TL;DR this release provides advanced geospatial pipelines and split-apply-combine, efficient DataFrame-like access to geospatial data, and major performance improvements in interactive visualization with Makie.

RELEASE NOTES

FEATURES

  • New macros @groupby, @transform and @combine for geospatial split-apply-combine
  • Full integration with table transforms from TableTransforms.jl and new geospatial pipelines
  • New DataFrame-like interface for geospatial data (e.g. df[rows,cols])
  • Automatic selection of colorschemes from scientific types of variables
  • New GridTopology with new adjacency topological relations
  • New RectilinearGrid for constructing grids from x, y, z, … coordinates
  • New LaplaceSmoothing geometric transform as a companion to TaubinSmoothing
  • New ProjectionPursuit multivariate feature transform
  • New geostatistical spectral clustering GSC algorithm
  • New options for DouglasPeucker simplification of geometries
  • New intersection algorithms between Ray, Segment, Line, Triangle, …
  • New perimeter function and implementations of measure, area, volume, …
  • New constructors with iterators for PointSet, GeometrySet, Collection, Multi, …

IMPROVEMENTS

  • Major visualization speedups with Makie.jl with Dehn’s 1899 triangulation from Meshes.jl
  • Refactored geospatial partition methods and fixed integration with MLJ.jl clustering
  • Refactored show methods of various types to emphasize geospatial domains
  • Revived GPU support for IQ geostatistical simulation solver
  • Updated documentation with new recommended methods for geospatial data

BREAKING

  • Drop support for Query.jl in favor of TableTransforms.jl
  • Drop indexable interface from Multi in favor of collect
  • Drop embeddim and coordtype support for geospatial data
  • Drop ClusteringTask in favor of cluster interface function
  • Rename validation methods (e.g.
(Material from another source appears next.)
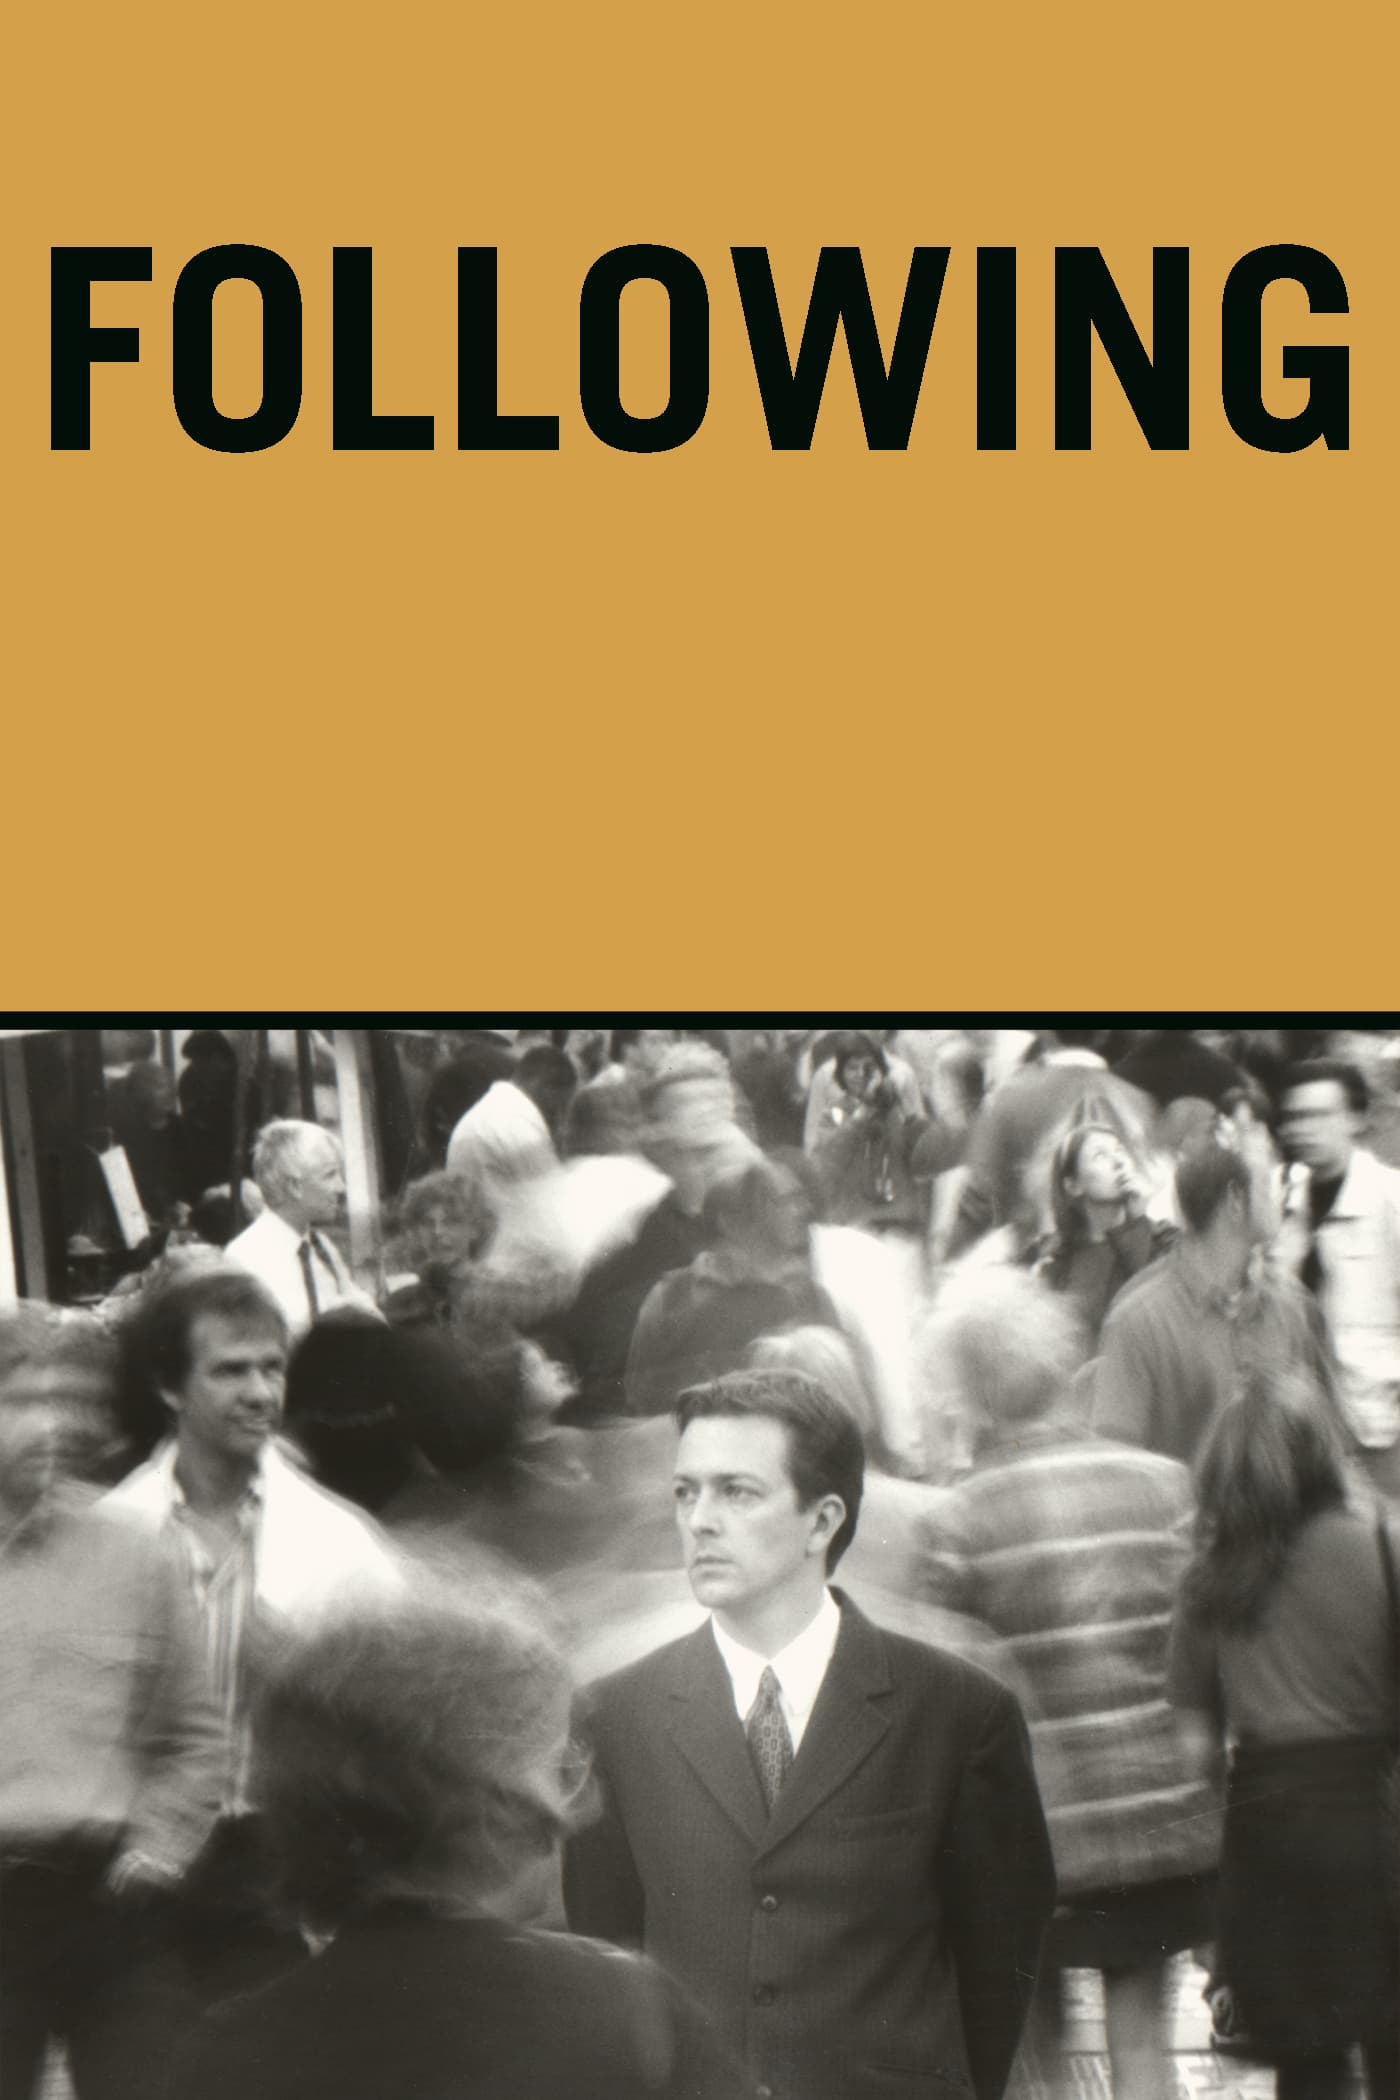 Following, le suiveur

CrossValidationKFoldValidation)

DEMONSTRATION

Some of the new features are demonstrated in a recent video:

Below we demonstrate the features with simpler data sets.

First we load the necessary packages:

julia> using GeoStats # all-batteries included!

julia> using GeoStatsViz # except for visualization

julia> import GLMakie as Mke # choose Makie backend

Geospatial split-apply-combine

Create geospatial data over 2D grid with features a, b, c:

julia> data = georef((a = rand(10, 10), b = rand(10, 10), c=rand(1:4, 10, 10)))
10×10 CartesianGrid{2,Float64}
  variables (rank 2)
    └─a (Float64)
    └─b (Float64)
    └─c (Int64)

We can easily group by c to produce a geospatial partition:

julia> groups = @groupby(data, :c)
4 Partition
  └─22 View{100 MeshData}
  └─29 View{100 MeshData}
  └─33 View{100 MeshData}
  └─16 View{100 MeshData}
  metadata: rows, names

We can then transform the groups with transforms that involve both the features and the special geometry column:

julia> transf = @transform(groups, :d = 2*:a + area(:geometry))
4 Partition
  └─22 View{100 MeshData}
  └─29 View{100 MeshData}
  └─33 View{100 MeshData}
  └─16 View{100 MeshData}
  metadata: rows, names

Finally, we can combine the results of the transformed groups:

julia> result = @combine(transf, :e = mean(:d))
4 GeometrySet{2,Float64}
  variables (rank 2)
    └─c (Float64)
    └─e (Float64)

Notice that, unlike in the video above, we now changed the behavior to return Multi geometries for the groups instead of the centroids:

julia> result.geometry
4 GeometrySet{2,Float64}
  └─22 MultiNgon{2,Float64}
  └─29 MultiNgon{2,Float64}
  └─33 MultiNgon{2,Float64}
  └─16 MultiNgon{2,Float64}

julia> viz(result.geometry, color = 1:4)

Also notice how the geometry column has a special Domain type, which is lazy in many cases avoiding the construction of expensive geometries in large datasets:

julia> data.geometry
10×10 CartesianGrid{2,Float64}
  minimum: Point(0.0, 0.0)
  maximum: Point(10.0, 10.0)
  spacing: (1.0, 1.0)

Geospatial transform pipelines

We can combine feature transforms from TableTransforms.jl with geometric transforms from Meshes.jl to create truly geospatial pipelines.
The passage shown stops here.